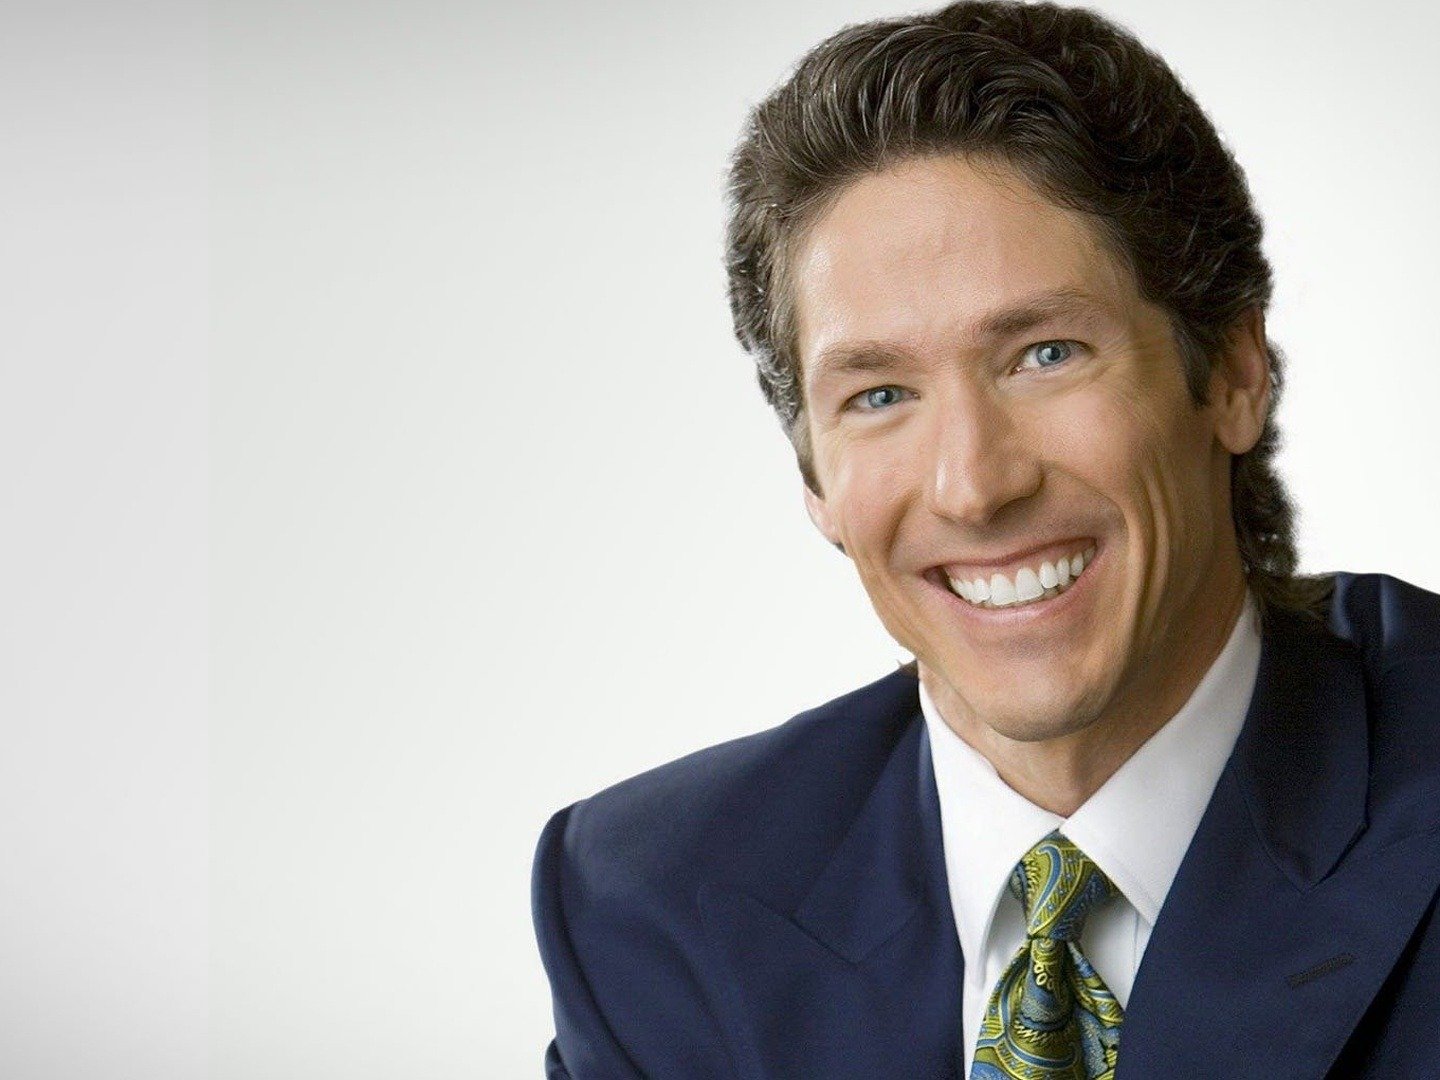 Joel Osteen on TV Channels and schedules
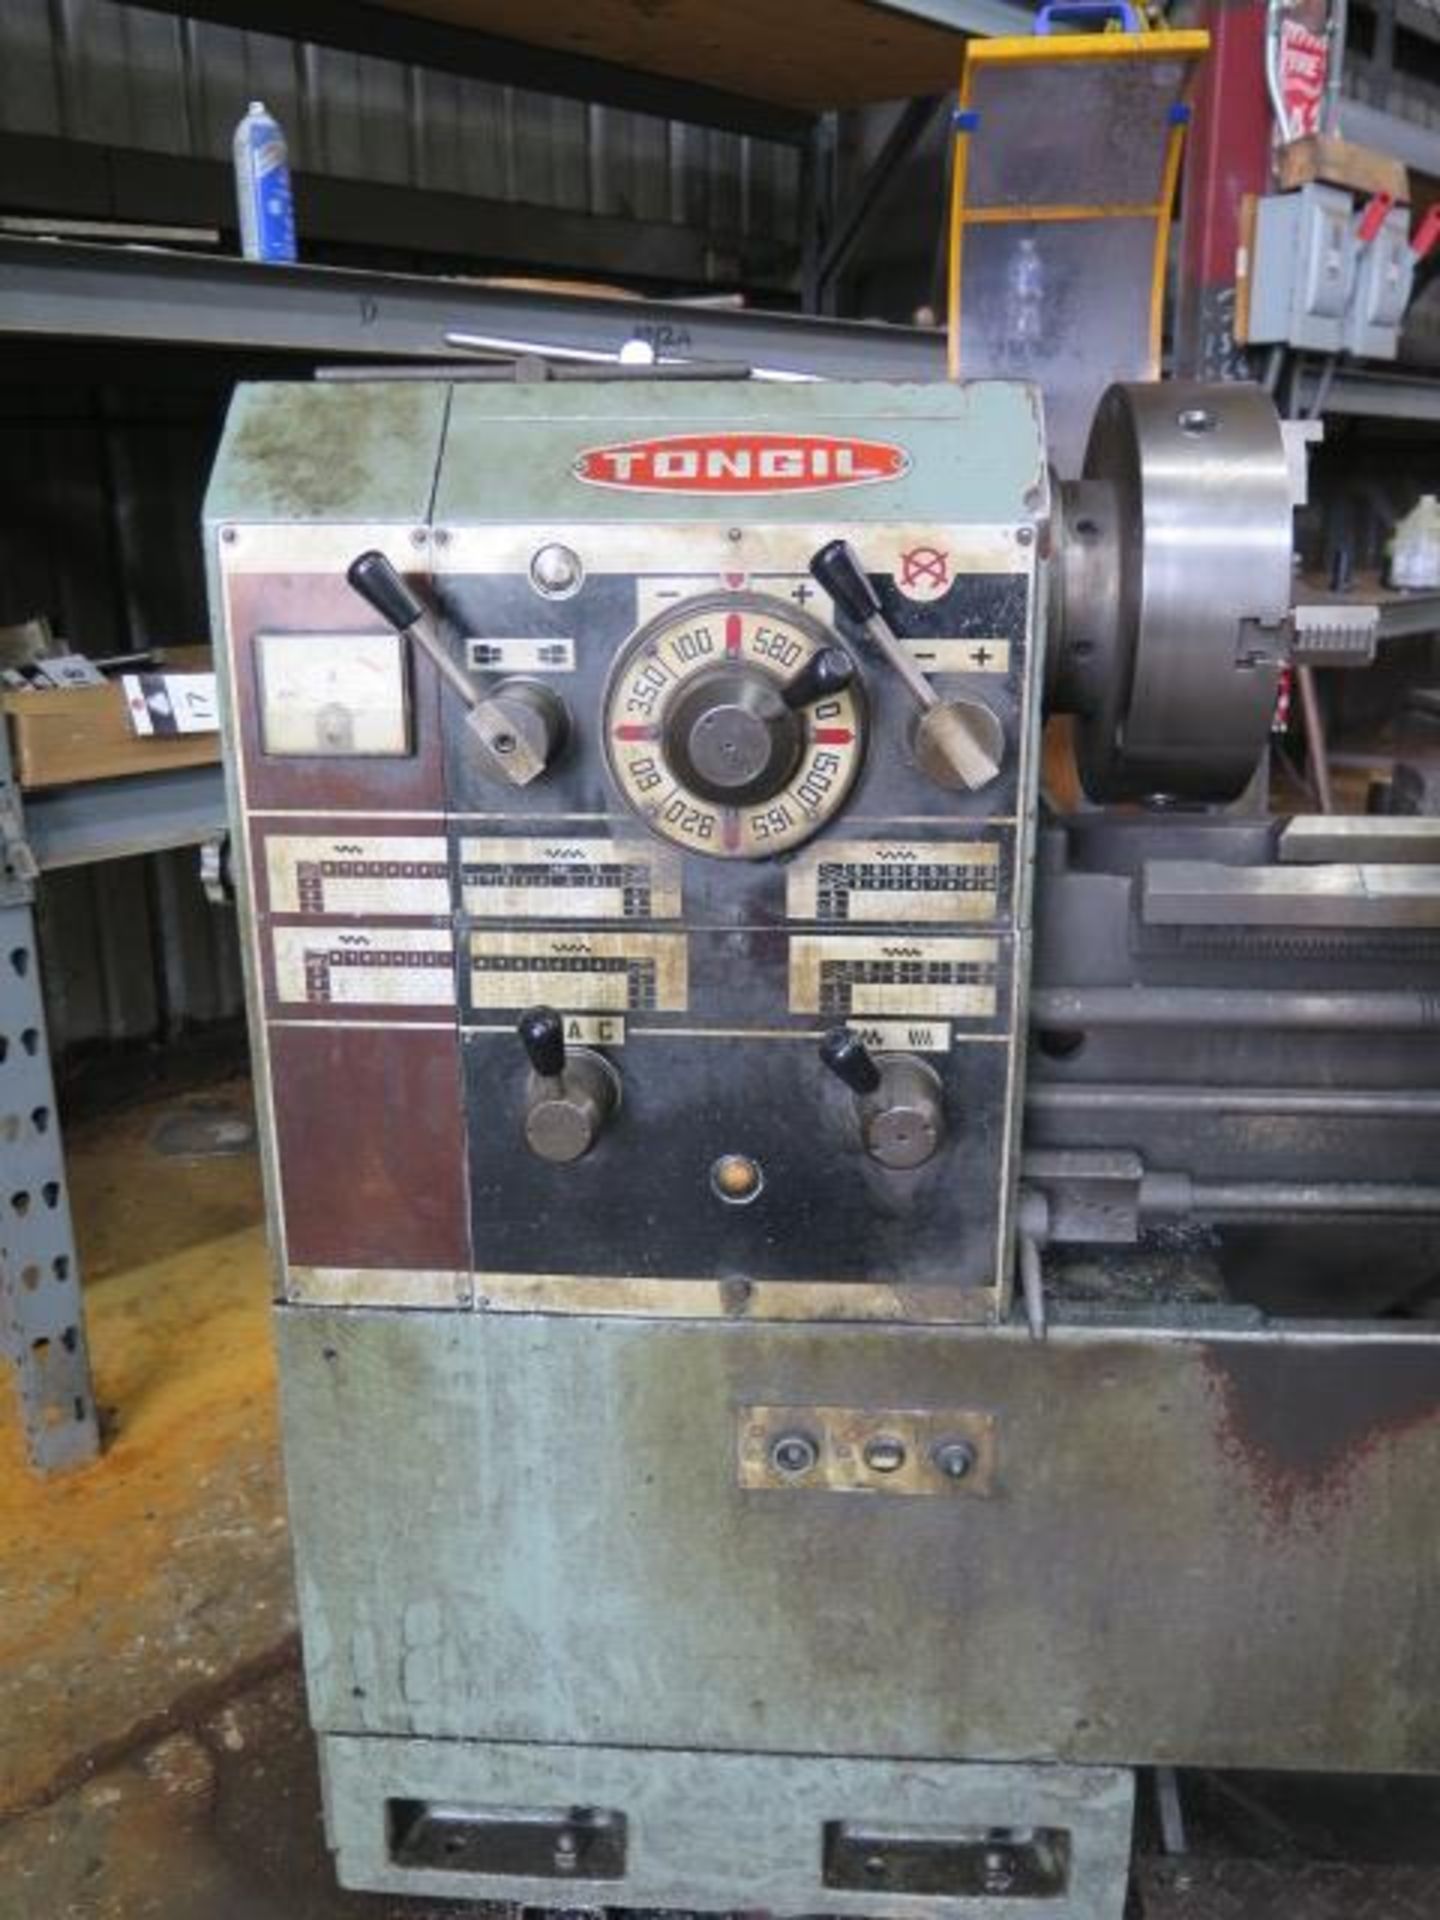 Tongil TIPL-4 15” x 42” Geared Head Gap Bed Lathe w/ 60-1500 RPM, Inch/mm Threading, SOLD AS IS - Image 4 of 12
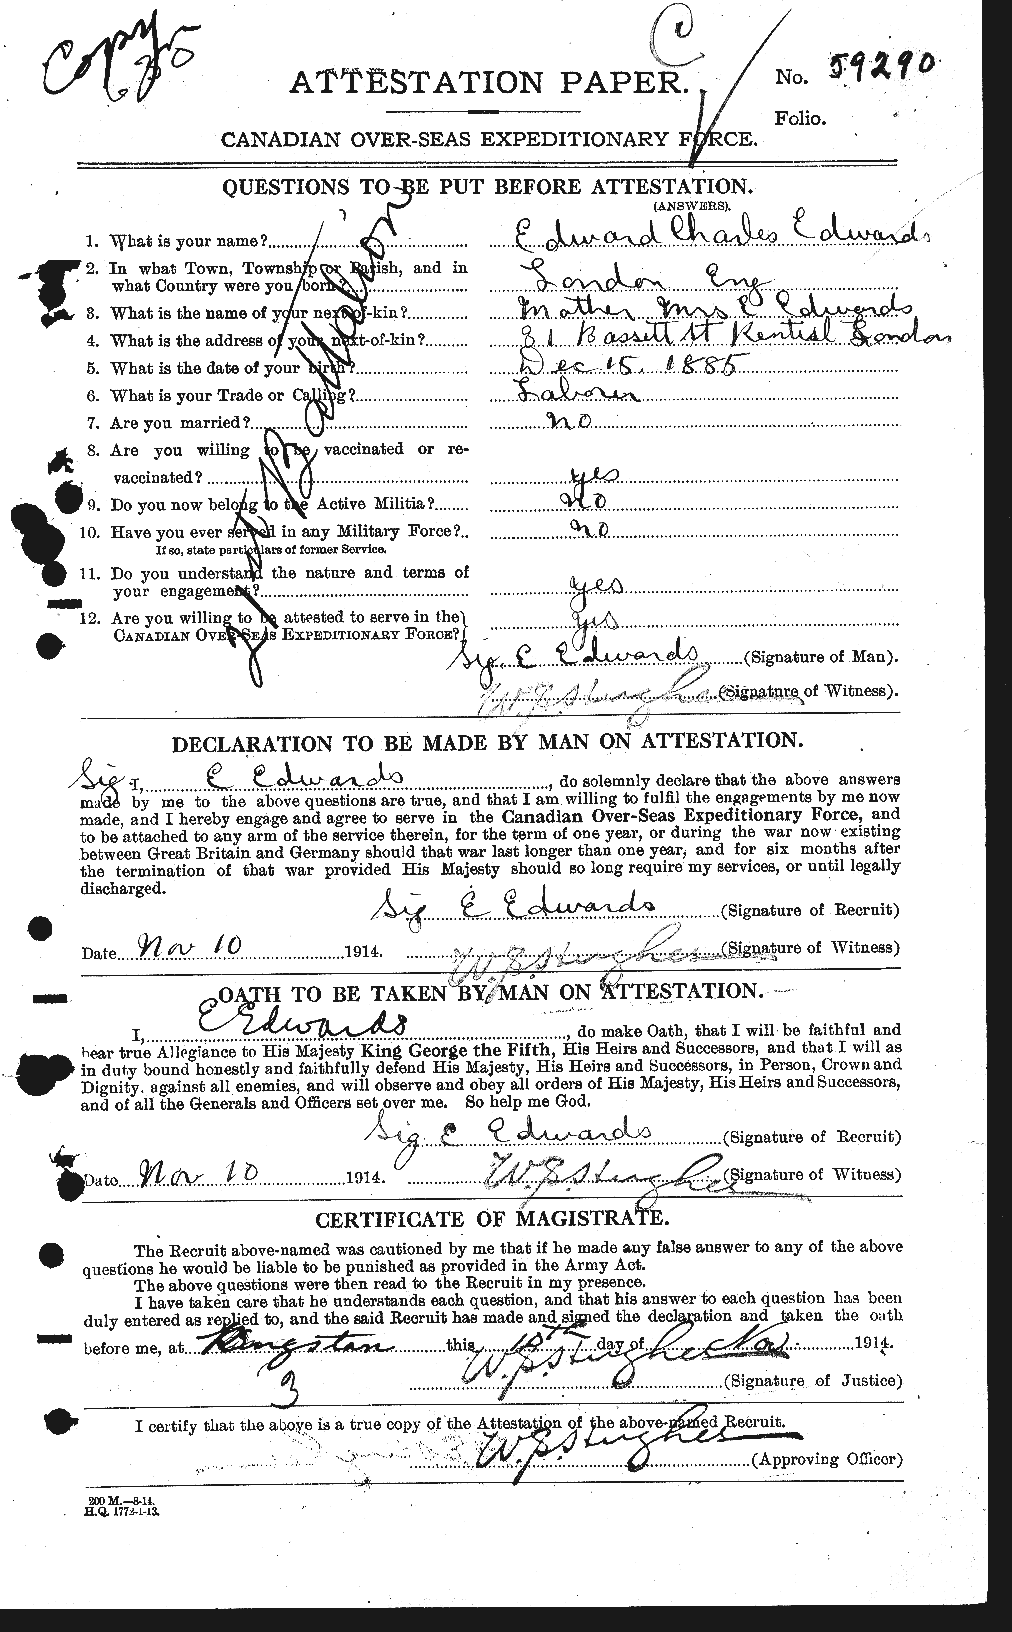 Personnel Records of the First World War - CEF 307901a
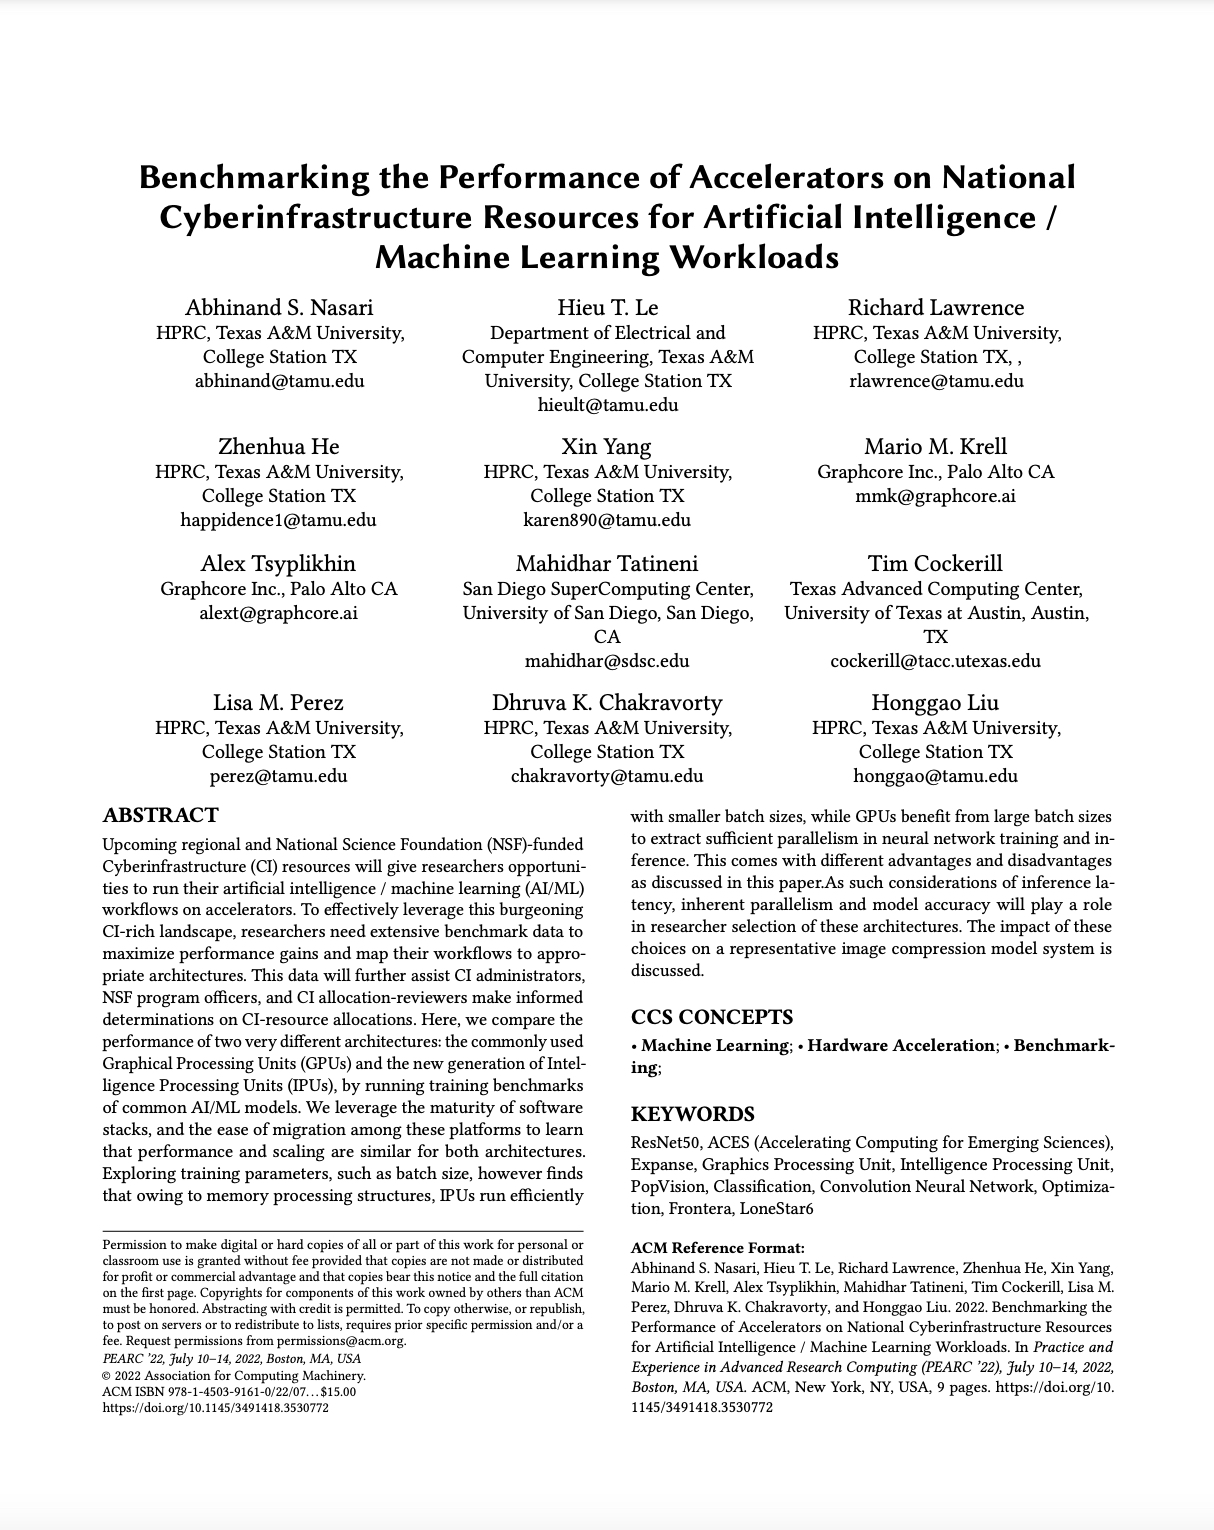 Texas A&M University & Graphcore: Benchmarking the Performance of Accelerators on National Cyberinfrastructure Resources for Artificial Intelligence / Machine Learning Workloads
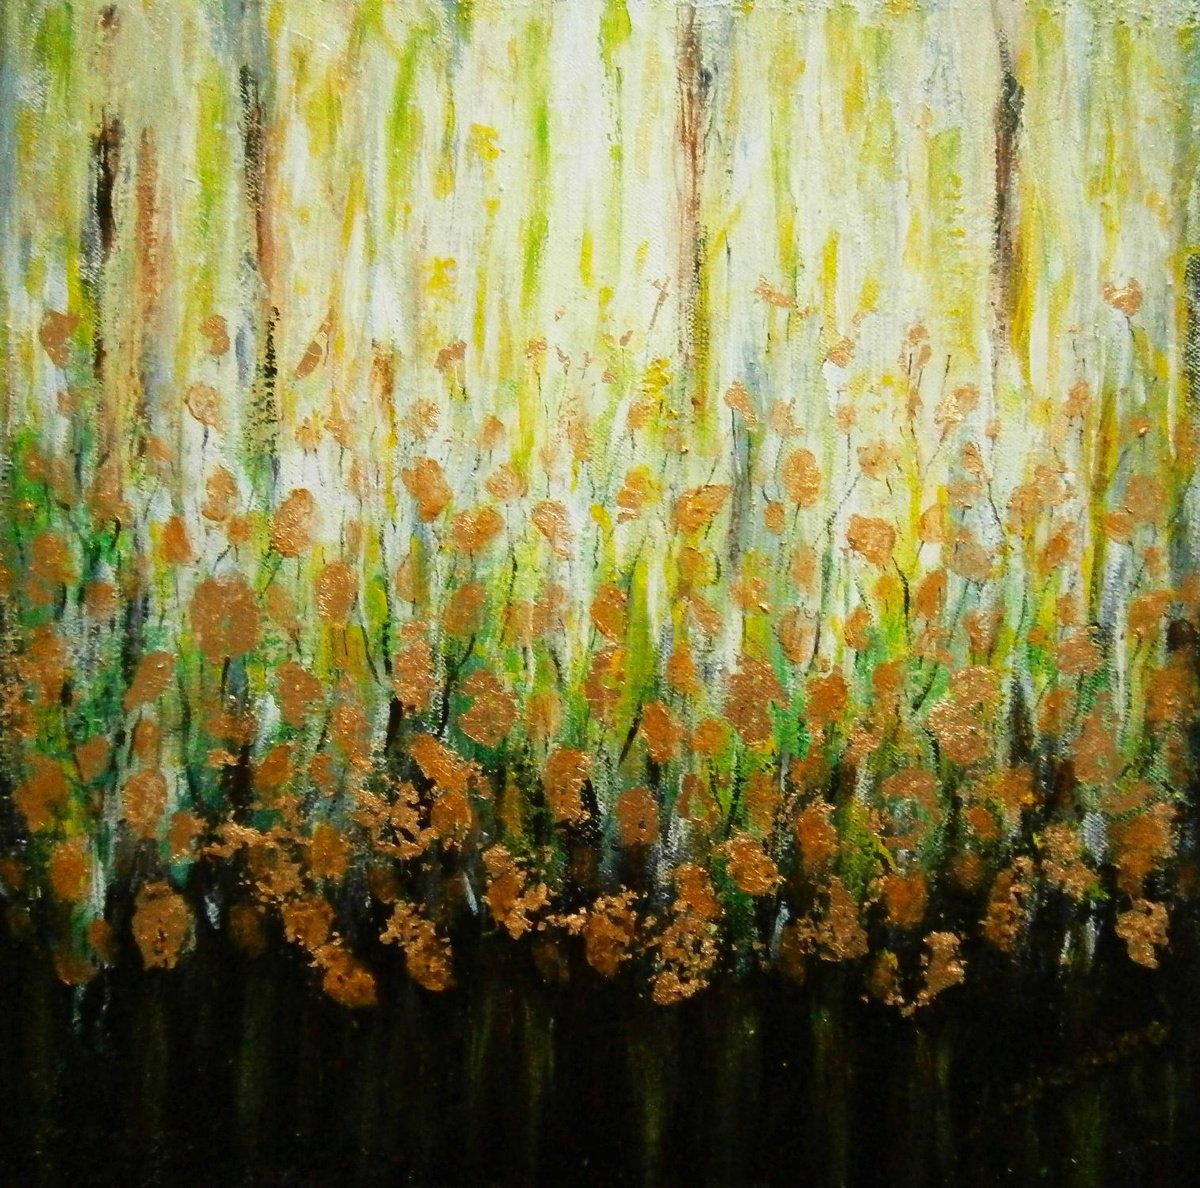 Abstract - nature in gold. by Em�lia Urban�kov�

Problem description: Your answer must be an exact copy of the lines from the start of the entries through the line with "Personnel Records of", with no pictures.

Expected output:
 Joel Osteen on TV Channels and schedules
 Tongil TIPL-4 15” x 42” Geared Head Gap Bed Lathe w/ 60-1500 RPM, Inch/mm Threading, SOLD AS IS - Image 4 of 12
 Personnel Records of the First World War - CEF 307901a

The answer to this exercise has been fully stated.